AIM OF THE TASK:
A word-for-word transcription of the data below is required.

RECORDS PROVIDED:
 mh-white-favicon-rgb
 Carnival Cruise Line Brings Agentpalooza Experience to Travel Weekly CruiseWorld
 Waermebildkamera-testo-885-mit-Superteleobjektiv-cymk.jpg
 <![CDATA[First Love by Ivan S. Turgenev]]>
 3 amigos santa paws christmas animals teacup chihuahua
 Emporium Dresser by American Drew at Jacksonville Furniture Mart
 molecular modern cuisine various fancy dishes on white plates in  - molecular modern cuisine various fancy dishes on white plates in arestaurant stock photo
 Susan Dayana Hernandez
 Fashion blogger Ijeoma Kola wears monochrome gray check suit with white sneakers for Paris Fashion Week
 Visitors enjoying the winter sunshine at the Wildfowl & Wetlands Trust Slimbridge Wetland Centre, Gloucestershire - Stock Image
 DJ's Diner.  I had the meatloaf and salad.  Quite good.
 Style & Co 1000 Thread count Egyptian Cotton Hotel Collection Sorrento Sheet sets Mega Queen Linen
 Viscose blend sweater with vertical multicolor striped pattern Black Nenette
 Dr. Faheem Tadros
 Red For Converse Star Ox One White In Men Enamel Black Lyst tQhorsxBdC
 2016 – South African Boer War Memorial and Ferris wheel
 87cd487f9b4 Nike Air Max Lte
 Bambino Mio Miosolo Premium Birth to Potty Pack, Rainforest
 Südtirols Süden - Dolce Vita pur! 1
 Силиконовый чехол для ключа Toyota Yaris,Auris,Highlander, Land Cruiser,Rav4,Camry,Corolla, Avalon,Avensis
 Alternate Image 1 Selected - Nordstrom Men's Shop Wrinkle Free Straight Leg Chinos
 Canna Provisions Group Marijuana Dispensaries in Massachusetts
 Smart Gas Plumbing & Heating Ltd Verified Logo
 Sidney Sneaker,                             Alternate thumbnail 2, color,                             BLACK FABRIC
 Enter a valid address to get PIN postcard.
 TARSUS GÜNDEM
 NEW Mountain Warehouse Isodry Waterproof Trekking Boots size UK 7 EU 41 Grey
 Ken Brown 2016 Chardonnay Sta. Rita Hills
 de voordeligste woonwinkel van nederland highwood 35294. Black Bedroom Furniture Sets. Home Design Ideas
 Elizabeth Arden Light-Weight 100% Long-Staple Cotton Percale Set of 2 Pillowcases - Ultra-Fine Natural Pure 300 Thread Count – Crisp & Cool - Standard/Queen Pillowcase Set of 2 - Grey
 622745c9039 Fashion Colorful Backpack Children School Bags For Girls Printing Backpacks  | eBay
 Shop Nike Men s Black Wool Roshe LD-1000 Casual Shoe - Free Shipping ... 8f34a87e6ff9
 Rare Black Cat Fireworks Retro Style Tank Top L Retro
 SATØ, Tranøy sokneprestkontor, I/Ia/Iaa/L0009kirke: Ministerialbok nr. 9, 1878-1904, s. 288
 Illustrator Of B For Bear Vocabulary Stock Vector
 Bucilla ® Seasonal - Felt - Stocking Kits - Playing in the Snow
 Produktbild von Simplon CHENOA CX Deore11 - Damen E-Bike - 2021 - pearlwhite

THE COMPLETED TASK:
 mh-white-favicon-rgb
 Carnival Cruise Line Brings Agentpalooza Experience to Travel Weekly CruiseWorld
 Waermebildkamera-testo-885-mit-Superteleobjektiv-cymk.jpg
 <![CDATA[First Love by Ivan S. Turgenev]]>
 3 amigos santa paws christmas animals teacup chihuahua
 Emporium Dresser by American Drew at Jacksonville Furniture Mart
 molecular modern cuisine various fancy dishes on white plates in  - molecular modern cuisine various fancy dishes on white plates in arestaurant stock photo
 Susan Dayana Hernandez
 Fashion blogger Ijeoma Kola wears monochrome gray check suit with white sneakers for Paris Fashion Week
 Visitors enjoying the winter sunshine at the Wildfowl & Wetlands Trust Slimbridge Wetland Centre, Gloucestershire - Stock Image
 DJ's Diner.  I had the meatloaf and salad.  Quite good.
 Style & Co 1000 Thread count Egyptian Cotton Hotel Collection Sorrento Sheet sets Mega Queen Linen
 Viscose blend sweater with vertical multicolor striped pattern Black Nenette
 Dr. Faheem Tadros
 Red For Converse Star Ox One White In Men Enamel Black Lyst tQhorsxBdC
 2016 – South African Boer War Memorial and Ferris wheel
 87cd487f9b4 Nike Air Max Lte
 Bambino Mio Miosolo Premium Birth to Potty Pack, Rainforest
 Südtirols Süden - Dolce Vita pur! 1
 Силиконовый чехол для ключа Toyota Yaris,Auris,Highlander, Land Cruiser,Rav4,Camry,Corolla, Avalon,Avensis
 Alternate Image 1 Selected - Nordstrom Men's Shop Wrinkle Free Straight Leg Chinos
 Canna Provisions Group Marijuana Dispensaries in Massachusetts
 Smart Gas Plumbing & Heating Ltd Verified Logo
 Sidney Sneaker,                             Alternate thumbnail 2, color,                             BLACK FABRIC
 Enter a valid address to get PIN postcard.
 TARSUS GÜNDEM
 NEW Mountain Warehouse Isodry Waterproof Trekking Boots size UK 7 EU 41 Grey
 Ken Brown 2016 Chardonnay Sta. Rita Hills
 de voordeligste woonwinkel van nederland highwood 35294. Black Bedroom Furniture Sets. Home Design Ideas
 Elizabeth Arden Light-Weight 100% Long-Staple Cotton Percale Set of 2 Pillowcases - Ultra-Fine Natural Pure 300 Thread Count – Crisp & Cool - Standard/Queen Pillowcase Set of 2 - Grey
 622745c9039 Fashion Colorful Backpack Children School Bags For Girls Printing Backpacks  | eBay
 Shop Nike Men s Black Wool Roshe LD-1000 Casual Shoe - Free Shipping ... 8f34a87e6ff9
 Rare Black Cat Fireworks Retro Style Tank Top L Retro
 SATØ, Tranøy sokneprestkontor, I/Ia/Iaa/L0009kirke: Ministerialbok nr. 9, 1878-1904, s. 288
 Illustrator Of B For Bear Vocabulary Stock Vector
 Bucilla ® Seasonal - Felt - Stocking Kits - Playing in the Snow
 Produktbild von Simplon CHENOA CX Deore11 - Damen E-Bike - 2021 - pearlwhite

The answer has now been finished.